Daily maintenance doses are 1-3 mg. In high-dose therapy, doses of

1 mg/kg are given every 6 hours for 4 days, with adjustment based

on pharmacokinetics.

In high-dose regimens, busulfan is given at 0.8 mg/kg every

6 hours for 4 days. Anticonvulsants must be used concomitantly to

protect against acute CNS toxicities, including tonic-clonic seizures,

which may occur several hours after each dose. Busulfan induces

the metabolism of phenytoin. In patients requiring anti-seizure medication,

non-enzyme-inducing drugs such as lorazepam are recommended

as an alternative to phenytoin. When phenytoin is used

concurrently, plasma busulfan levels should be monitored and the

busulfan dose adjusted accordingly.

Clinical Toxicity. The major toxic effects of busulfan are related to

its myelosuppressive properties, and prolonged thrombocytopenia

may be a hazard. Occasionally, patients experience nausea, vomiting,

and diarrhea. Long-term use leads to impotence, sterility, amenorrhea,

and fetal malformation. Rarely, patients develop asthenia and

hypotension, a syndrome resembling Addison’s disease, but without

abnormalities of corticosteroid production.

High-dose busulfan causes VOD of the liver in ≤10% of

patients, as well as seizures, hemorrhagic cystitis, permanent alopecia,

and cataracts. The coincidence of VOD and hepatotoxicity is increased

by its co-administration with drugs that inhibit CYPs, including imidazoles

and metronidazole, possibly through inhibition of the clearance

of busulfan and/or its toxic metabolites (Nilsson et al., 2003).

SECTION VIII

CHEMOTHERAPY OF NEOPLASTIC DISEASES

Nitrosoureas

The nitrosoureas have an important role in the treatment

of brain tumors and find occasional use in treating lymphomas

and in high-dose regimens with bone marrow

reconstitution. They function as bifunctional alkylating

agents but differ from conventional nitrogen mustards

in both pharmacological and toxicological properties.
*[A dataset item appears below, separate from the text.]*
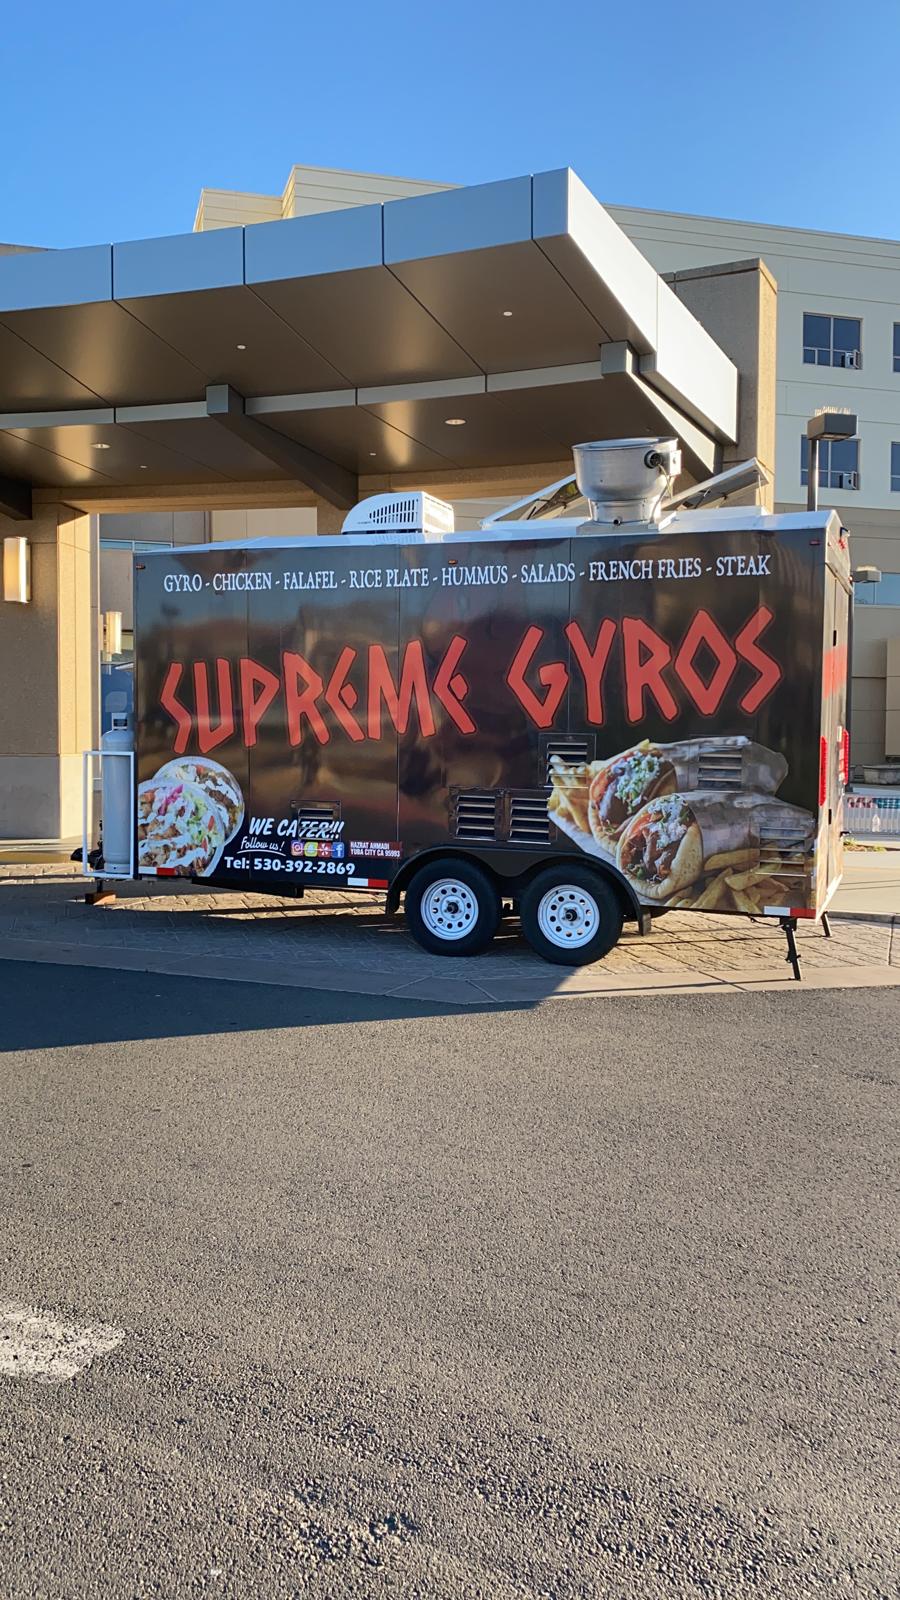 Supreme Gyros

Carmustine (BCNU) and lomustine (CCNU) are highly

lipophilic and thus readily cross the blood-brain barrier, an important

property in the treatment of brain tumors. Unfortunately, with the

exception of streptozocin, nitrosoureas cause profound and delayed

myelosuppression with recovery 4-6 weeks after a single dose.
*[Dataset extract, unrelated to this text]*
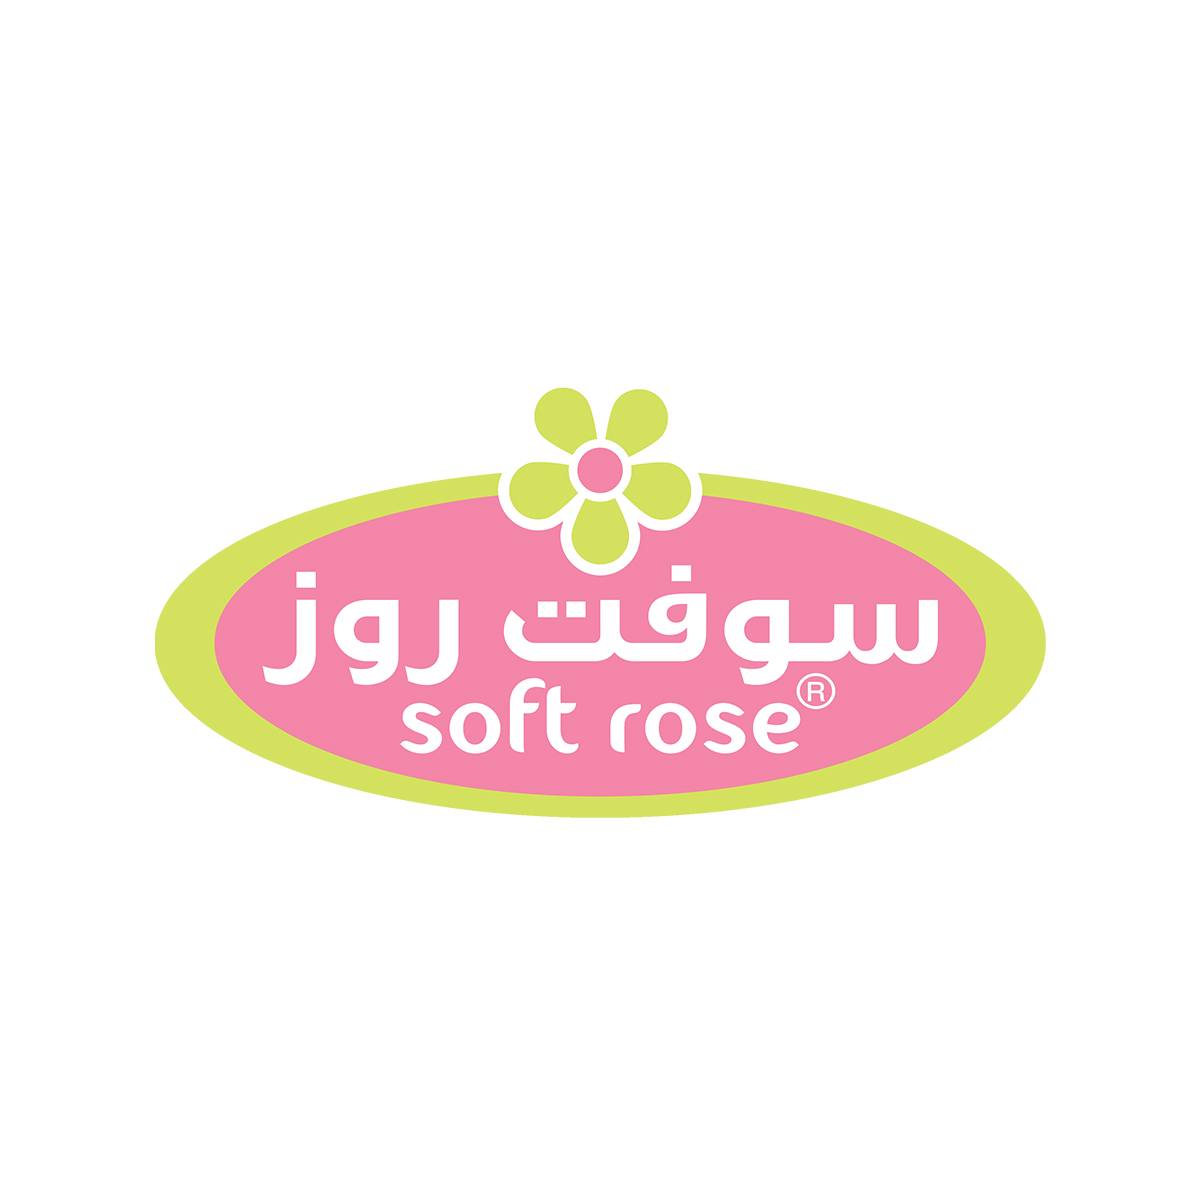 Soft Rose International company

Long-term treatment with the nitrosoureas, especially semustine

(methyl-CCNU), has resulted in renal failure. As with other alkylating

agents, the nitrosoureas are highly carcinogenic and mutagenic.

They generate both alkylating and carbamylating moieties as illustrated

in Figure 61–4.

Carmustine (BCNU). Carmustine’s major action is its

alkylation of DNA at the O 6 -guanine position, an

adduct repaired by MGMT. Methylation of the MGMT

promoter inhibits its expression in ~30% of primary

gliomas and is associated with sensitivity to

nitrosoureas. In high doses with bone marrow rescue, it

produces hepatic VOD, pulmonary fibrosis, renal failure,

and secondary leukemia (Tew et al., 2001).

Absorption, Fate, and Excretion. Carmustine is unstable in aqueous

solution and in body fluids. After intravenous infusion, it disappears

from the plasma with a highly variable t 1/2

of ≥15-90

minutes. Approximately 30-80% of the drug appears in the urine

within 24 hours as degradation products. The alkylating metabolites

enter rapidly into the cerebrospinal fluid (CSF), and their

concentrations in the CSF reach 15-30% of the concurrent plasma

values.

Therapeutic Uses. When used alone, carmustine (BICNU) is administered

intravenously at doses of 150-200 mg/m 2 , given by infusion

over 1-2 hours and repeated every 6 weeks.

Because of its ability to cross the blood-brain barrier, carmustine

has been used in the treatment of malignant gliomas but

has been increasingly replaced by temozolomide. An implantable

carmustine wafer (GLIADEL) is available for use as an adjunct to

surgery and radiation in newly diagnosed high-grade malignant

glioma patients and as an adjunct to surgery for recurrent glioblastoma

multiforme.

Streptozocin. This antibiotic has a methylnitrosourea

(MNU) moiety attached to the 2-carbon of glucose. It

has a high affinity for cells of the islets of Langerhans

and causes diabetes in experimental animals.

Absorption, Fate, and Excretion. Streptozocin is rapidly degraded following

intravenous administration. The t 1/2

of the drug is ~15 minutes.

Only 10-20% of a dose is recovered intact in the urine.

Therapeutic Uses. Streptozocin (ZANOSAR) is used exclusively in the

treatment of human pancreatic islet cell carcinoma and malignant

carcinoid tumors. It is administered intravenously, 500 mg/m 2 once

daily for 5 days; this course is repeated every 6 weeks. Alternatively,

1000 mg/m 2 can be given weekly for 2 weeks, and the weekly dose

then can be increased to a maximum of 1500 mg/m 2 , depending on

tolerance and response.

Clinical Toxicity. Nausea is frequent. Mild, reversible renal or

hepatic toxicity occurs in approximately two-thirds of cases; in

<10% of patients, renal toxicity may be cumulative with each dose

and may lead to irreversible renal failure. Proteinuria is an early

sign of tubular damage and impending renal failure. Streptozocin

should not be given with other nephrotoxic drugs. Hematological

toxicity—anemia, leukopenia, or thrombocytopenia—occurs in

20% of patients.

Triazenes

Dacarbazine (DTIC). Dacarbazine functions as a methylating

agent after metabolic activation to the

monomethyl triazeno metabolite, MTIC. It kills cells

in all phases of the cell cycle. Resistance has been

ascribed to the removal of methyl groups from the O 6 -

guanine bases in DNA by MGMT.

Absorption, Fate, and Excretion. Dacarbazine is administered intravenously.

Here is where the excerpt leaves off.